Do they take into account skill level when doing matchmaking? Or am I just going to get my ass handed to me over and over? I do get some kills but I probably die more times than I kill someone LOL. That's one of the reasons I've never played these games.
Everything is going into the account of your skill in SBM in Halo. Your accuracy, damage dealt, assists made, wins, losses, deaths, kills, streaks, I think that they tweaked Halo 5 afterwards (around 2018) that even performance of your positioning in the match goes into the account.
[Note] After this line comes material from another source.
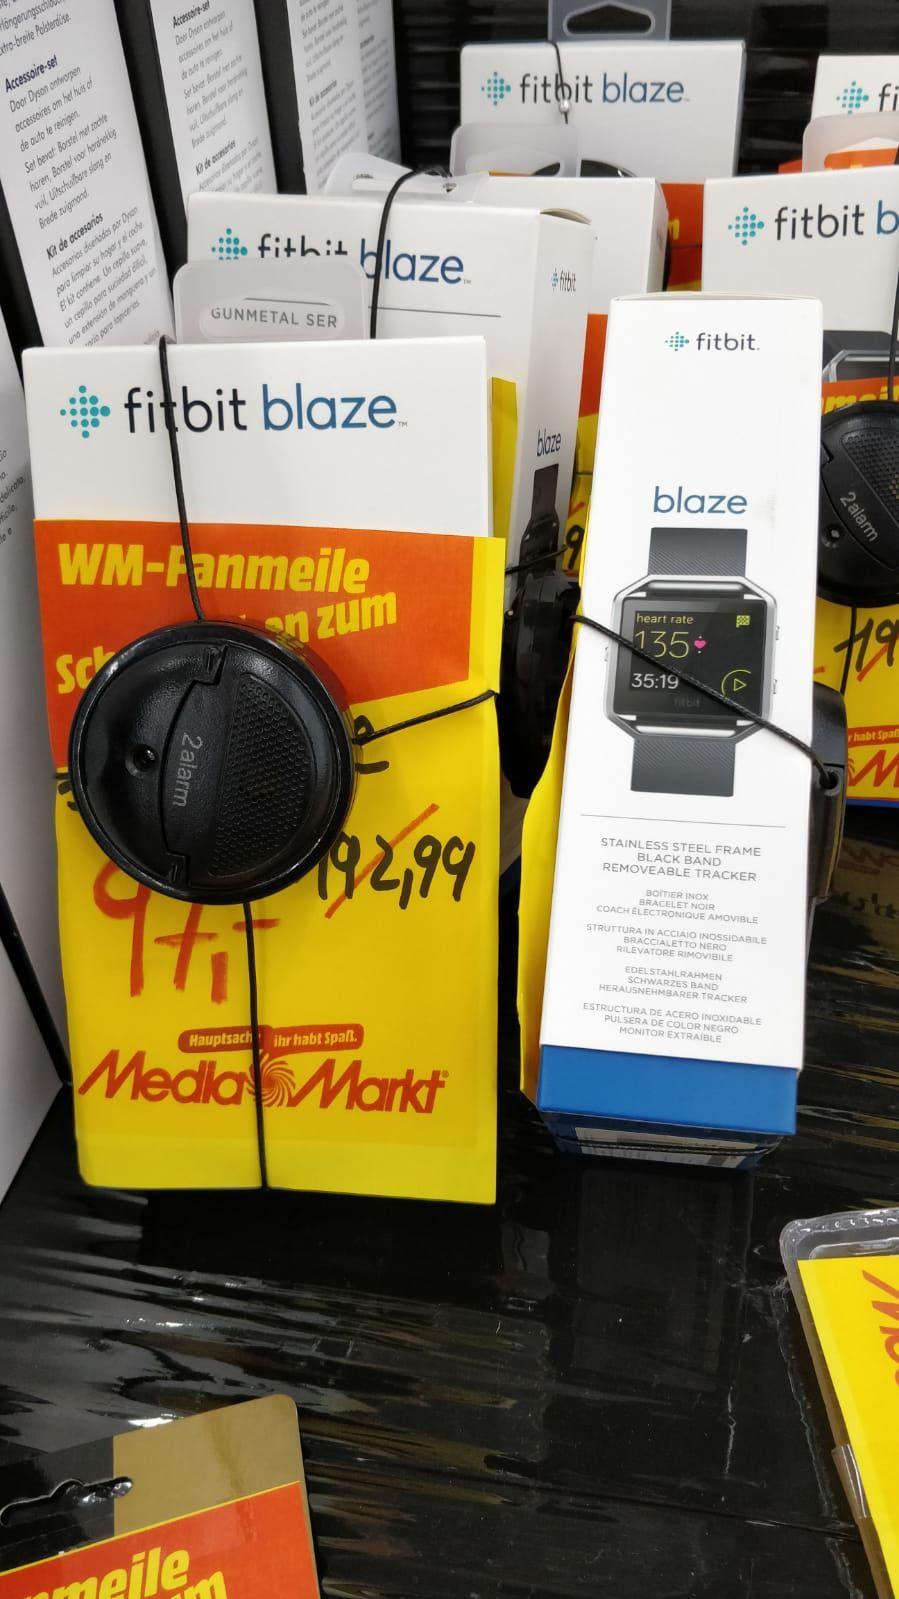 Fitbit Blaze Schweinfurt Media Markt City

So it's not if you just win you get those invisible skill points. You can win with shit play and you will get basically +0 skill points and you will remain at the same player pool. It's most visible in ranked, but of course, it works like that in socials too, just not that strict. The Player pool is going wider, during the matchmaking.
The Halo 5 system was good in the end and I believe they will transfer it in the future, and one of the rarest examples of how Skills should be distributed during and after the match.
That means, even if you're carried over with good teammates, you probably won't advance, or will until your skill matches your rank and that's it, you will be soft blocked until you git gud.
EDIT: There was a heated discussion on the Waypoint forum a couple of years back on why people can not advance further than diamonds while playing with their teammates. A lot of people raged about that, but when you check their stats, you can see why is it.
For example, I was always on the edge of D/O and I could not get a secured position in Onyx only because I was not playing as frequent and could not maintain my playstyle. The system was dropping me to D5-6 all the time because of being inconsistent. I raged but after going through I think a couple of hundreds of pages of discussion, I realised that it means that the system is working.